Raw Read Quality Control - iffatAGheyas/bioinformatics-tutorial-wiki GitHub Wiki
4.3 Raw Read Quality Control
Before alignment, it’s critical to assess the quality of your raw FASTQ files. We’ll generate per-sample reports with FastQC and then combine them with MultiQC for a cohort-wide view.

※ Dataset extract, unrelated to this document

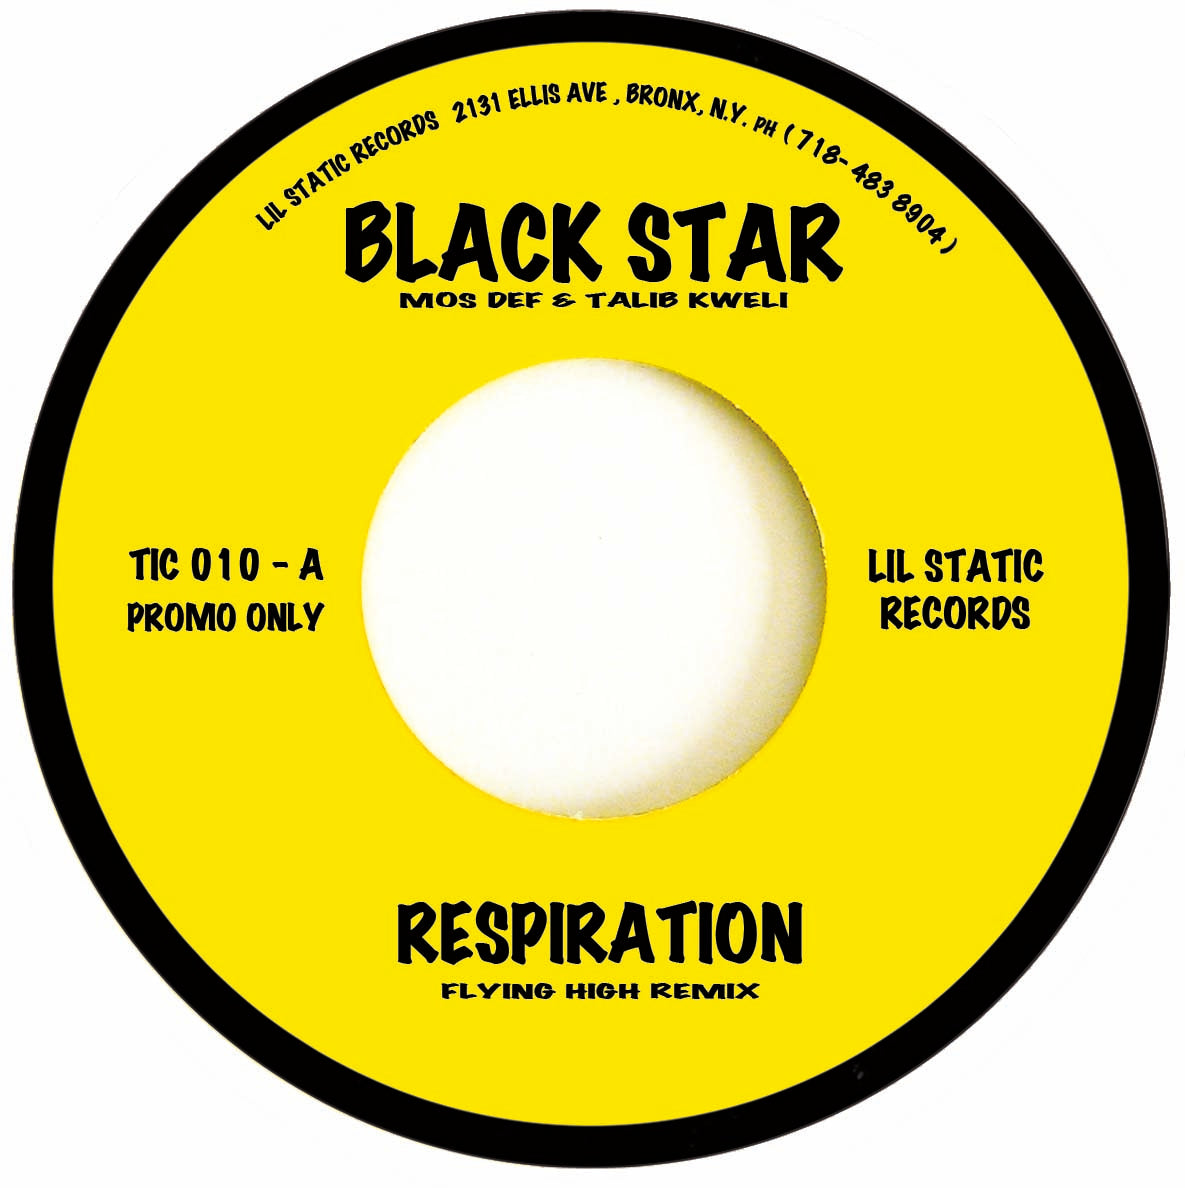 Black Star (Mos Def & Talib Kweli) - Respiration (Remix) b/w (Original

4.3.1 Tools & Installation
# Install via Bioconda
conda install -c bioconda fastqc multiqc
4.3.2 Run FastQC
# Create an output directory
mkdir -p qc/fastqc
# Run FastQC on all paired-end FASTQs (adjust threads as needed)
fastqc \
--threads 4 \
--outdir qc/fastqc \
raw_data/*_R1.fastq.gz \
raw_data/*_R2.fastq.gz
Outputs (for each sample/read):
qc/fastqc/SampleA_R1_fastqc.html
qc/fastqc/SampleA_R1_fastqc.zip
qc/fastqc/SampleA_R2_fastqc.html
qc/fastqc/SampleA_R2_fastqc.zip
Each HTML report includes modules such as:
Module | What it shows |
---|---|
Per base sequence quality | Boxplots of quality scores at each read position |
Per sequence quality scores | Overall read quality distribution |
Per base GC content | GC% by position vs. theoretical |
Adapter content | Proportion of reads with adapter contamination |
Sequence duplication levels | Fraction of duplicated reads |
Overrepresented sequences | Highly abundant sequences (possible contaminants) |
Quick check: open one HTML report (e.g.
qc/fastqc/SampleA_R1_fastqc.html
) in your browser to inspect quality drops, adapters, or unusual GC peaks.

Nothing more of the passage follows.